Toutes choses considérées, je recommanderais que notre principale attention se porte sur les récits elles-mêmes. Nous en devrions pas permettre à notre perception de l'événement comme extraordinaire de colorer trop grandement notre analyse, car au final nos théories doivent correspondre aux faits plutôt que l'inverse. Le degré auquel un événement est vu comme extraordinaire devrait certainement affecter quel quantité d'éléments nous devrions demander pour sa preuve, mais nous devrions faire attention à séparer l'événement de son récit et de son narrateur, car autrement nous préjugeons les choses d'une manière qui nie l'attitude inductive de base de la science. Nous devrions aussi reconnaître que les jugements sur la crédibilité du narrateur doivent dans la plupart des cas n'arriver qu'inférés après notre jugement sur la plausibilité du récit. Des scientifiques réputés peuvent faire des erreurs et des fous peuvent parfois avoir raison. Un narrateur non crédible (e.g., un témoin dont nous savons qu'il a été impliqué par le passé dans une fraude) pourrait jeter une ombre de doute sur les témoignages de sa part, mais cela n'implique pas logiquement que ces témoignages soient faux.

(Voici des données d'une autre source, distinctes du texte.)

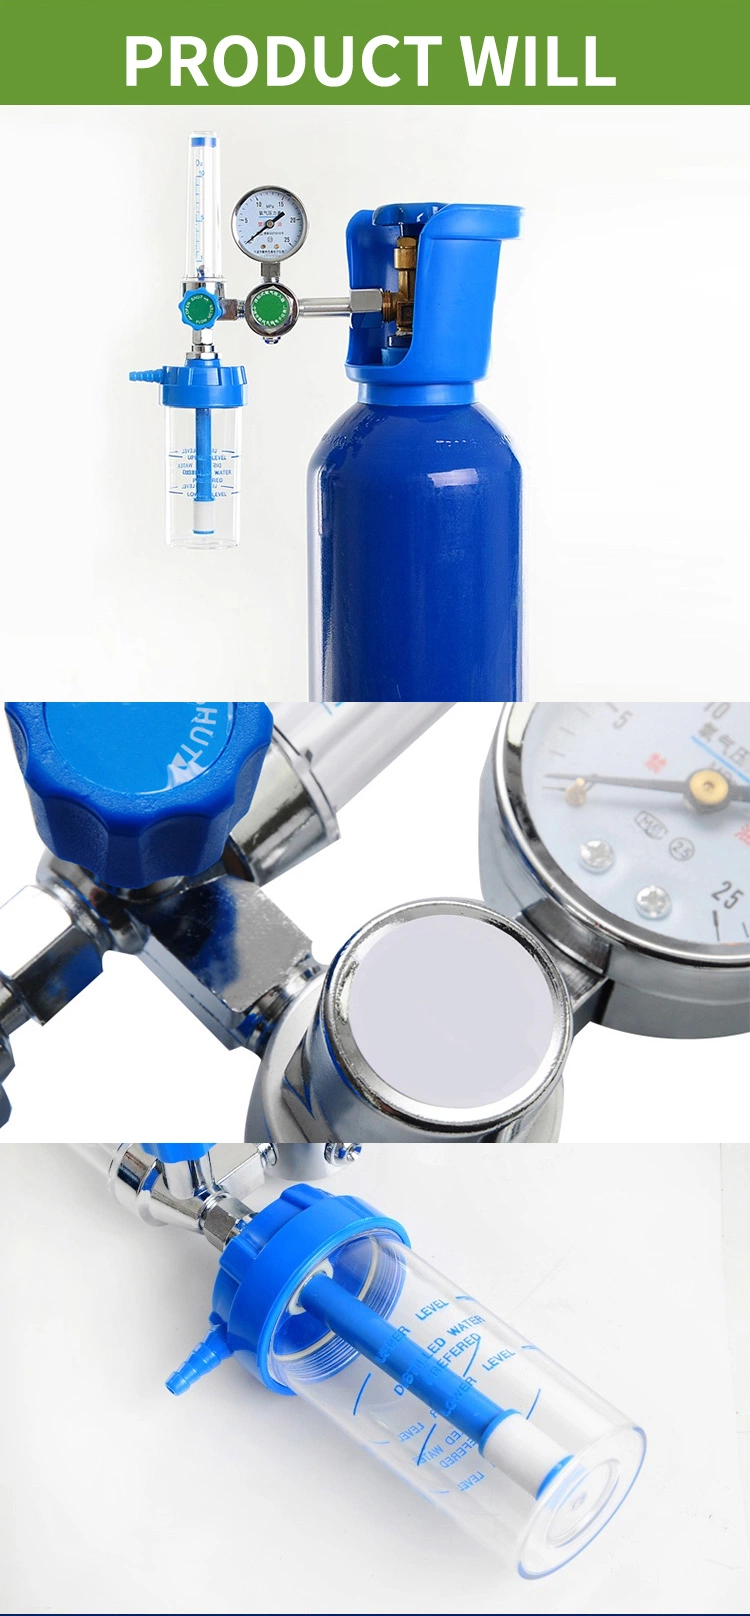 Good Quality Hopital Cylinders Medical Gas Gauge Meter Manometer Oxygen Pressure Regulator

Que devrions-nous faire alors des témoignages plausibles de témoins d'événements extraordinaires ? Dans la des cas nous devons simplement être patients, reconnaître qu'un seul de ces témoignages pourrait simplement ne pas être suffisant pour nous permettre de faire un jugement final. Bien que nous ayons le droit de simplement ignorer de tels signalements (leur donner une priorité faible de confirmation ultérieure) et de leur donner une faible priorité scientifique pour notre époque, nous n'avons pas le droit de les écarter. La charge de la preuve reposant en science sur celui qui affirme, nous devons déclarer que les éléments ne sont pas concluants et rester sceptique (bien que certainement moins que nous l'étions avant ce récit plausible soit entré dans le débat). Mais dire que quelque chose n'est pas prouvé n'est pas la même chose que de dire que cette chose est réfutée. Jusqu'à ce que d'autres éléments convaincants arrivent (et ceci doit être proportionnel à l'extraordinarité de l'affirmation paranormale au sens théorique que j'ai décrit), nous devons rester sceptiques et agnostiques sur les sujets paranormaux. Du moins ceux qui n'ont pas été explicitement réfutés (comme nous avons vu de nombreuses choses comme le Triangle des Bermudes et l'énergie des pyramides falsifiés). C'est de ce type de scepticisme scientifique avec un esprit ouvert que je pense qu'est faite une véritable zététique.